When a non-commercial game doesn’t get finished, it’s not because the developer(s) never got to that point, but because they didn’t take action to finish the game by a self-imposed deadline. Except for very modest designs, finishing a game always involves changing plans and removing partial implementations for anything that didn’t fit, instead dedicating what time is left to tying up loose ends and filling in for any still-missing essentials (in-application instructions, credits, menu, ending, and if you’ve been putting it off: audio).
It’s common now to see developers finish game jam games more ready for public release than their long-term projects. The two main factors that seem to contribute are having a smaller scope and an unmoving deadline. The thing to keep in mind is that larger projects still need a controlled, reasonable scope and an unmoving, if initially further off, deadline. The projects that have no scope control and no target deadline just expand indefinitely, opening up more issues than the developer(s) could ever realistically expect to find time to close out nicely.
It’s a basic producer/management-type skill to be able to begin closing at any point in a project and preparing for public release. If your game has been dragging out with no end in sight, why not make that beginning of the end now, getting on course to soon set yourself and any other developers on the team free to move on to the next idea? That is, without the lingering guilt, confidence hit, or endless wondering (maybe some people would have liked it?) that can come from simply abandoning worthwhile work that has already been done. Remove any lingering evidence for what doesn’t exist–for example, if certain weapons or levels never got made, simply remove the slots in the interface for them. Make the most of the work that has already been done, so that it can finally be put in front of players.
One strategy to simply tie things up is to basically treat the final stretch like a game jam, with all the work done to date as a starting point and – flexible – direction. That means a fixed deadline, making decisions efficiently, clear intent to release, and fitting in at least the minimum layer of niceties needed for the outside world to understand what’s going on: menu, instructions, working in-game UI, possibly intro text, sound, etc. Sure, this isn’t always ideal, and with enough experience it can be avoided in favor of a smoother wrap up.
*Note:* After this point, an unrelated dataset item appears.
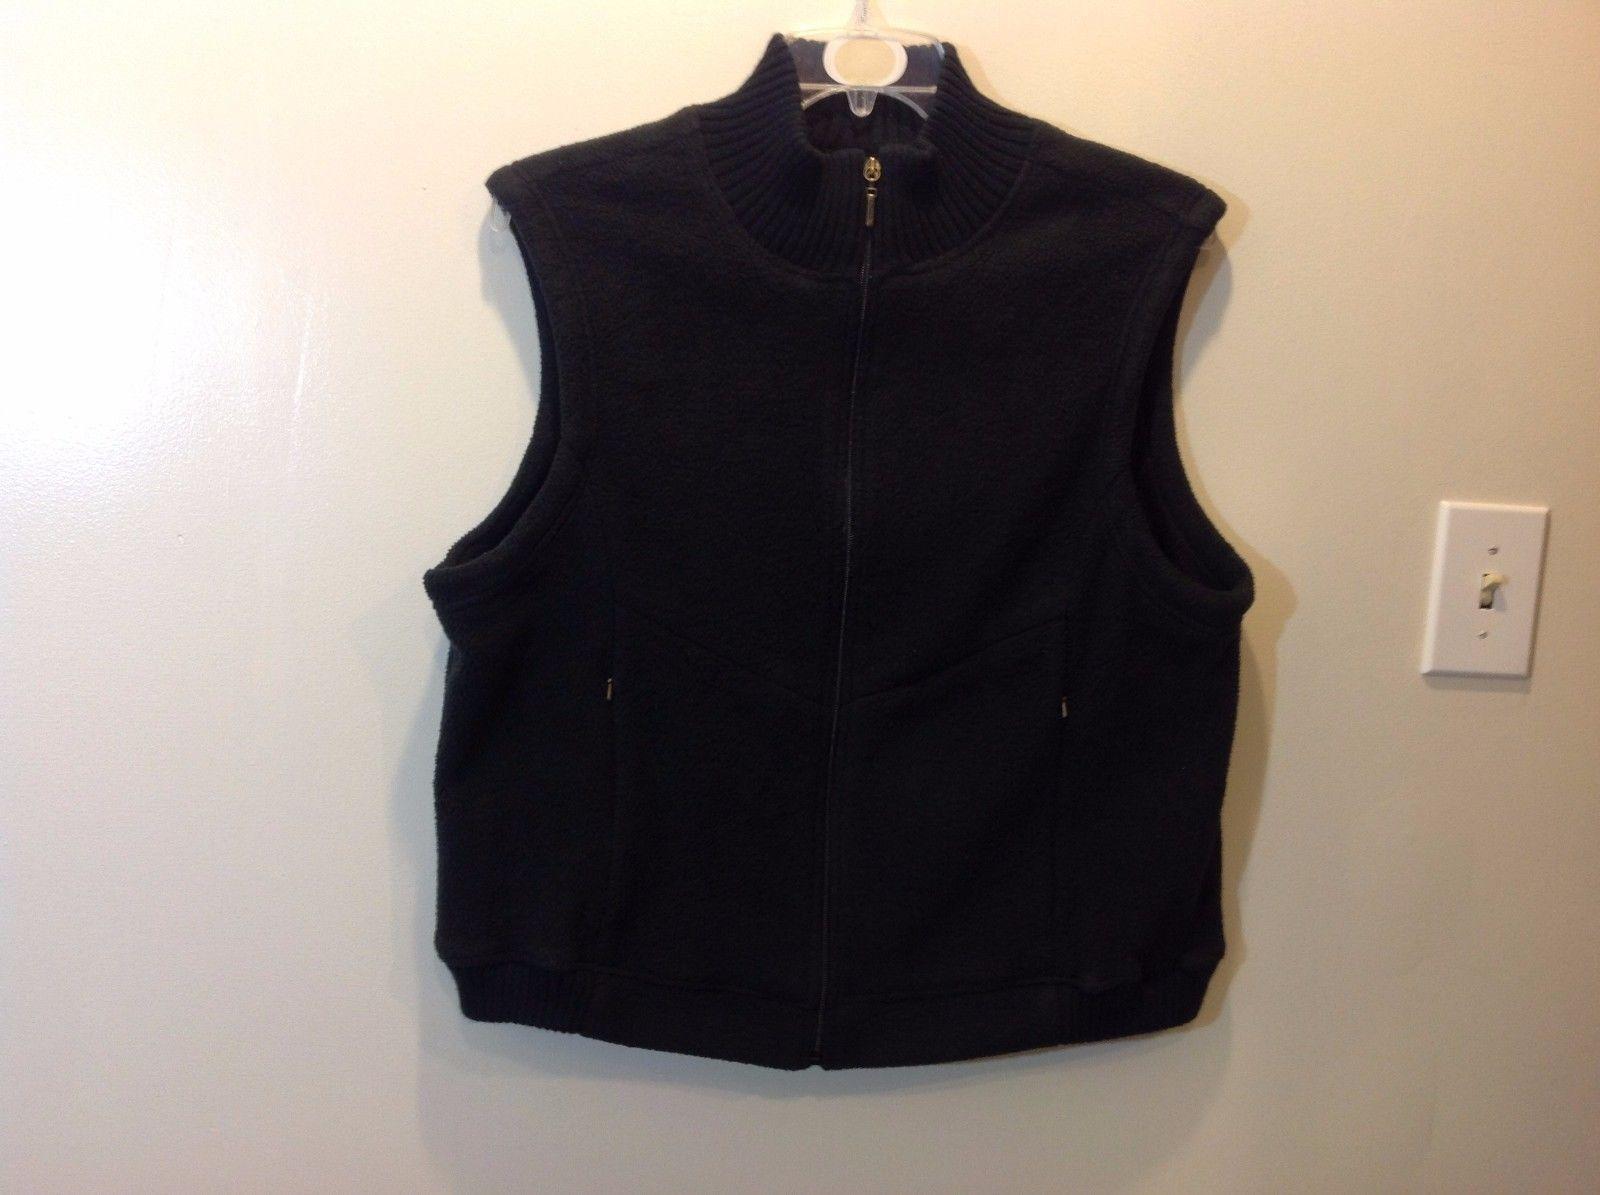 Ladies Catalina Black Soft Warm Fleecey Zip Up Vest Sz XL 16 18

However it’s infinitely better than a project that you (and maybe some peers) invested weeks, months, or years working on just fizzling out without it ever reaching anyone, or maybe worse, that project never finishing nor fizzling out and thereby blocking you from moving on to newer things.
At some point the alternative to just getting the current game done isn’t releasing a bigger or nicer game, but no game at all. That hurts the players and the developers alike.